Contracts entered into between parties impose contractual obligations on both the parties for the
performance of such contract. However, many times unforeseen or unforeseeable supervening
events occur which make the performance of the contracts impossible due to no fault of either
party. In such cases, the contract is said to be frustrated. Frustration of contract results in
involuntary extinction of the contractual obligations of both parties and consequently, the parties
are relieved from their rights and liabilities. The doctrine of frustration was initially used by the
English Courts in 1863 in the case of Taylor vs. Cardwell. The Doctrine of Frustration under The
Indian Contract Act, 1872 is envisaged in Section 56 of the Act, which states that an agreement
to do an act impossible in itself is void.
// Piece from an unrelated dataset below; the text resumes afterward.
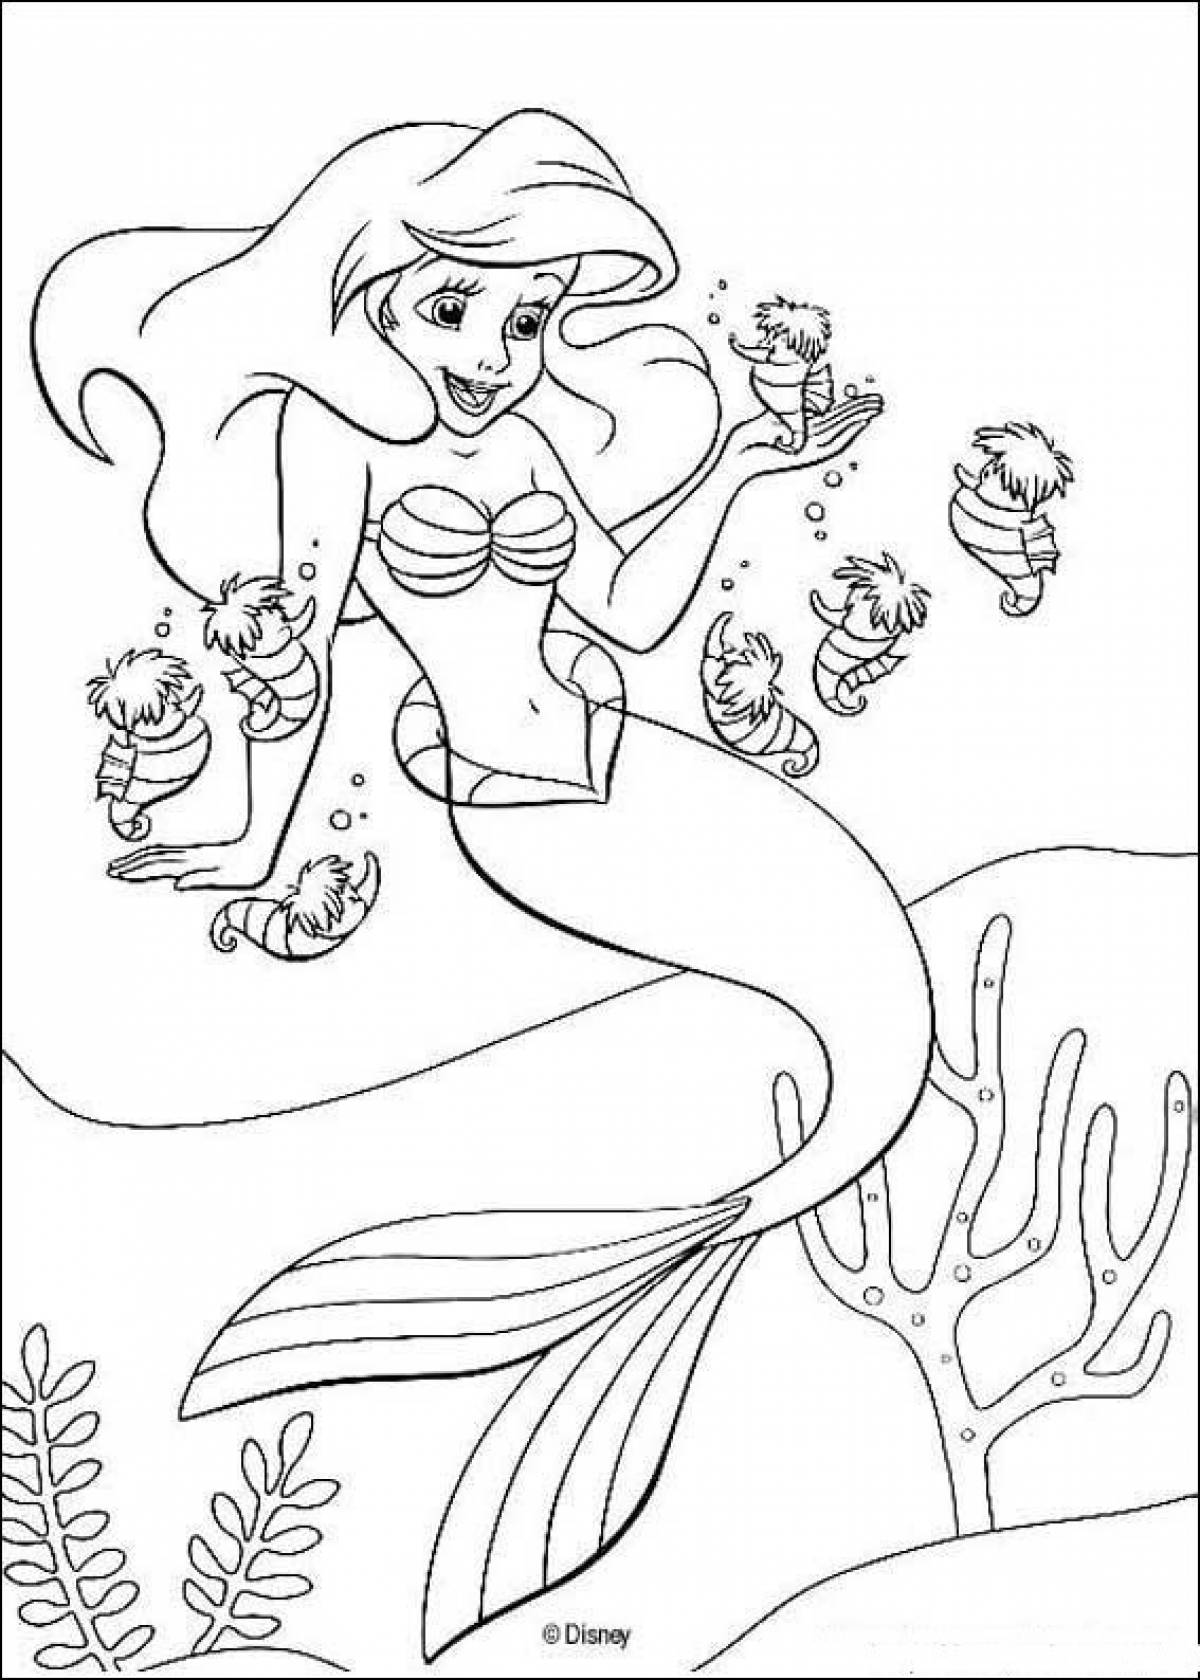 Mermaid coloring book children's print

Further, a contract to do an act which, becomes
impossible, or, by reason of some event which the promisor could not prevent, unlawful,
becomes void when the act becomes impossible or unlawful. In India, the concept of Doctrine of
Frustration has developed in case of Satyabrata Ghose v. Mugneeram Bangur. In order to
establish that a contract is frustrated, the below mentioned conditions are required to be
satisfied:-

 There must be a valid and subsisting contract between the parties;

 There must be some part of the contract yet to be performed;

 That part of the contract, which is yet to be performed, should become impossible or
unlawful; and

 That the impossibility should be by reasons of some event which the promisor could not
prevent.

STATEMENT OF PROBLEM

In India, since Section 56 of the Contract Act, itself, embodies the doctrine of frustration, the
controversy is fairly narrow. The aspect of discharge of contract has to, therefore, be
analysed within the contours of Section 56 of the Contract Act. However, it cannot be
entirely ruled out that the doctrine of frustration, as recognised in English law, does not come
within the parameters of Section 56 of the Contract Act.